There is, and has been for decades, a core of developers who volunteer their time and efforts for free to manage popular, important, and critical projects. And many of them are it burned.
This issue came into the public consciousness briefly in 2014 with the OpenSSL Heartbleed disaster, where a bug was found in an open source security project used by most of the Internet that was maintained by a single developer.
There have been many attempts to fix the funding situation over the years. Some projects receive donations from corporate sponsors. For example, the Linux Foundation, which brought $300 million last year largely from corporate donors, grants grants to selected projects through the Alpha-Omega Project. In 2025, Alpha-Omega issued $5.8 million to 14 projects, it said.
Some projects receive donations directly from corporate donors. In January, for example, Anthropic donated $1.5 million to the Python Software Foundation. While the Foundation said it was excited to have that cash, Anthropic itself raised $30 billion this month. One such donation is the sofa change in the AI lab.
However, not every developer wants to receive corporate donations, as there are concerns about giving sponsoring companies too much influence.
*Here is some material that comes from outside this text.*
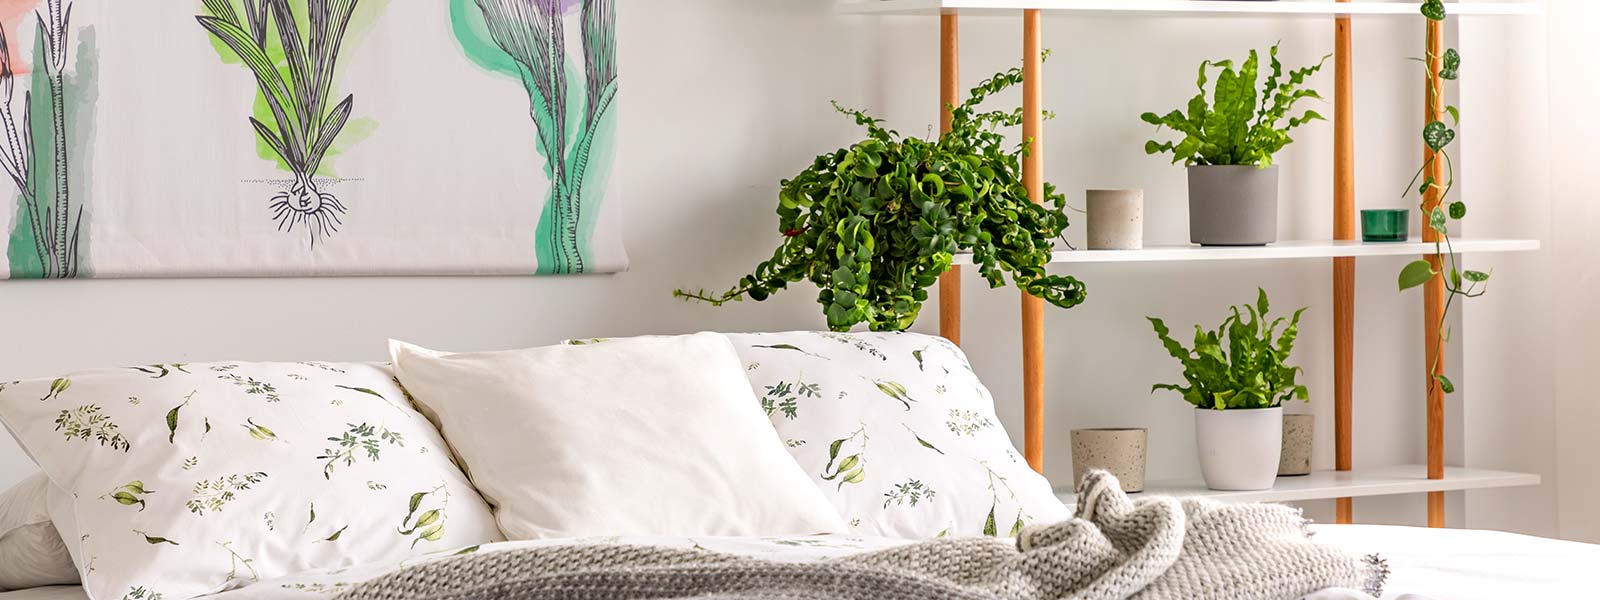 Intérieur de la chambre jungle urbaine avec des plantes en pots à côté d'un lit

For example, last year there was a big uproar in the Ruby community around the departure of some longtime maintainers and major sponsor Shopify, The Register reported.
The Open Source Endowment hopes to support projects while displacing such risks.
“The only way to sustainably support open source is private capital,” says Vinogradov.
Why hasn’t an endowment been tried before? Gifts require patience, says Vinogradov. They invest much of their assets, spending only a fraction of their income in any given year, and take years or even decades to grow to a significant size.
But if done right, this patience will lead to an independent fund that could support critical open source projects forever.